Ambulatory BP measurements were acquired using an automated, noninvasive oscillometric device placed by a physician, and which registered BP at 20-minute intervals over a 24-hour period.
"Valid registries had to fulfill a series of pre-established criteria, including greater than or equal to 80% of systolic BP (SBP) and diastolic BP (DBP) successful recordings during the daytime and nighttime periods, 24-hour duration, and at least one BP measurement per hour," wrote the authors.
Patients returned the following day to their doctors for removal of the device.
Overall, 12% of participants in the registry (8,295 patients; 51% male, mean age 64 years) met Dr. de la Sierra’s criteria for resistant hypertension: office BP greater than or equal to 140 mmHg systolic and/or 90 mm Hg diastolic while being treated with three or more antihypertensive agents at "appropriate" doses.
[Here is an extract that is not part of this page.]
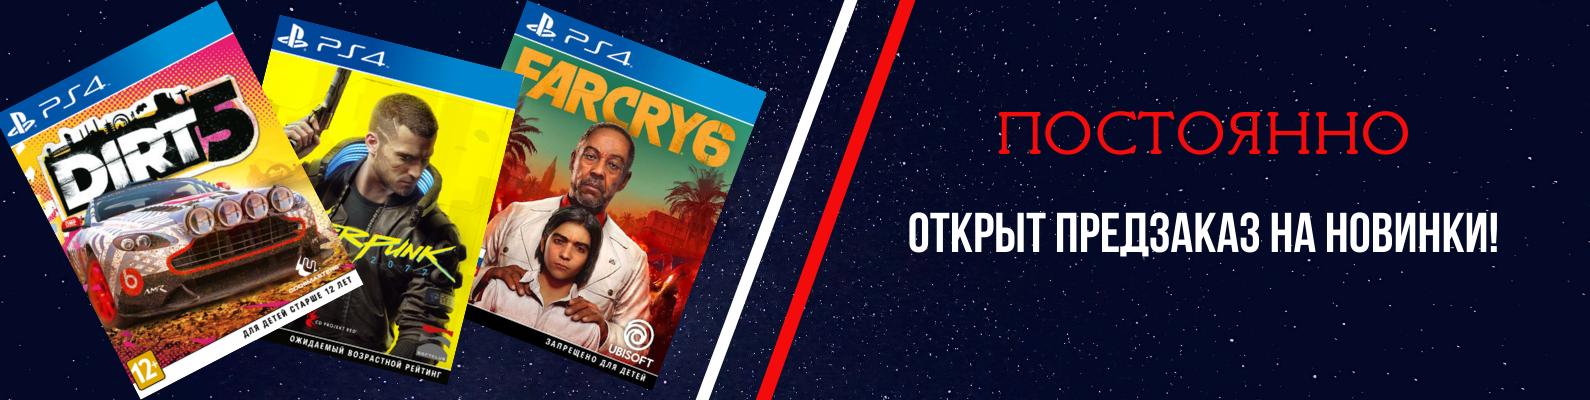 PS4/5: Предзаказ

ABPM patients were classified in two groups: 5,182 patients (62.5%) had ambulatory 24-hour BP values greater than or equal to 130 and/or 80 mm Hg and were diagnosed as true RH, and 3,113 patients (37.5%) showed 24-hour BP values below this limit and were considered as having white-coat RH, wrote the authors (Hypertension 2011 March 28 [doi: 10.1161/HYPERTENSIONAHA.110.168948]).
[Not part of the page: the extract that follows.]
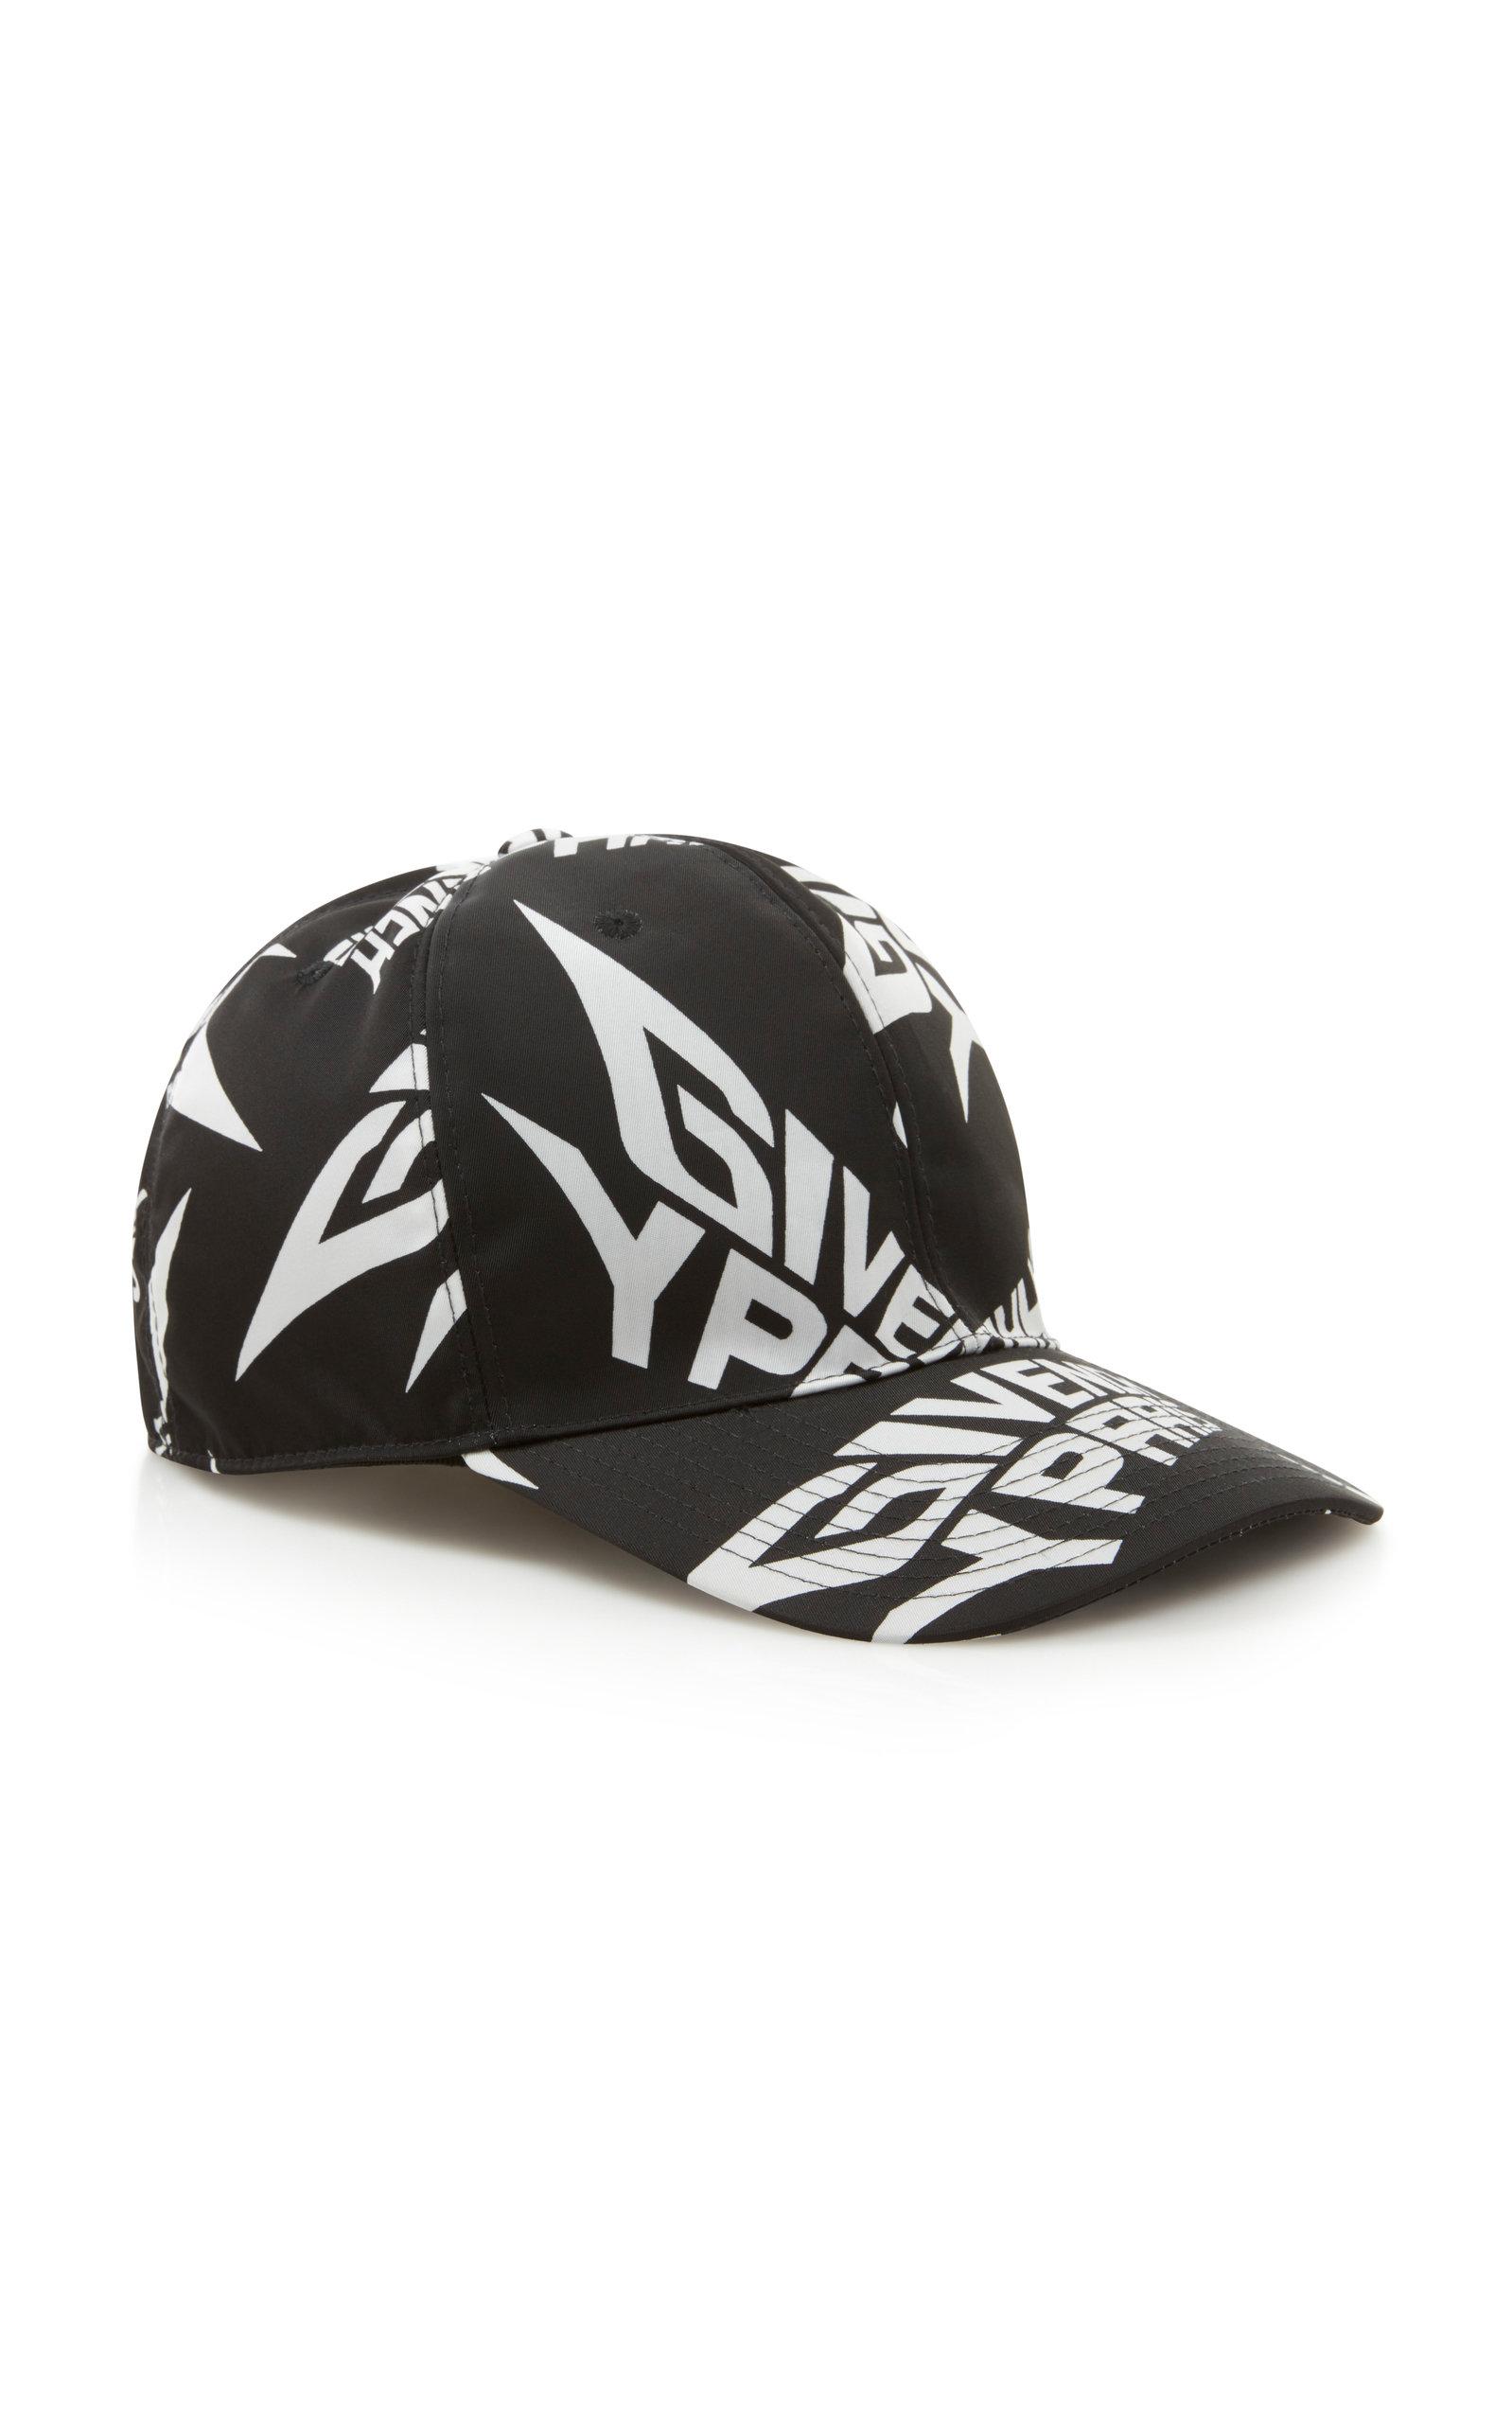 42df2545 Men's Hats   Moda Operandi   Moda Operandi

White-coat RH patients were slightly but significantly older (65 versus 64 years), and more likely to be female (54%).
Truly resistant patients, however, were more likely to be smokers (15% versus 10%), to be diabetic (35% versus 28%), and to have cardiovascular disease (19% versus 16%), compared with the white-coat RH patients.
Moreover, 19% of the true RH patients had left ventricular hypertrophy, as seen on electrocardiogram, versus 14% of white-coat patients.
They also had higher creatinine levels than did their white-coat counterparts (75 versus 72 micromol/L), higher urinary albumin excretion (11 versus 7 mg/g), and a higher percentage of patients with a urinary albumin excretion greater than 30 mg/g (30% versus 20%).
Circadian BP patterns also showed slight differences between groups, with a higher proportion of risers – who have an increase in BP during nighttime – among the true RH cohort, based on either systolic (22% versus 18%) or diastolic (12% versus 10%) measurements.
Body mass index and total cholesterol did not vary significantly between groups.
According to the authors, the study represents the first time that the prevalence of resistant hypertension was assessed in such a large cohort of patients.
However, the researchers pointed to one major weakness of the study: the inability to confirm that patients prescribed antihypertensive drugs were adherent to their medication regimen, "thus possibly overestimating the true prevalence of RH."
And despite the findings of significant differences in clinical characteristics between groups, "their discriminating value in clinical practice is probably low," cautioned the authors.
The authors disclosed that the Spanish ABPM Registry was initiated and is maintained by Lacer Laboratories, which makes valsartan. The authors also disclosed having attended meetings funded by Lacer.
FROM HYPERTENSION
Major Finding: Among 8,295 patients with resistant office hypertension, 63% had ambulatory 24-hour blood pressure values greater than or equal to 130 mm Hg systolic and/or 80 mmHg diastolic and were diagnosed as true resistant hypertension, whereas 37% showed 24-hour BP values below this limit and therefore were considered to have white-coat RH.
Data Source: An analysis of data on more than 68,000 patients in the Spanish Ambulatory Blood Pressure Monitoring (ABPM) Registry.
Disclosures: The Spanish ABPM Registry was initiated and is maintained by Lacer Laboratories. The authors disclosed having attended meetings funded by Lacer.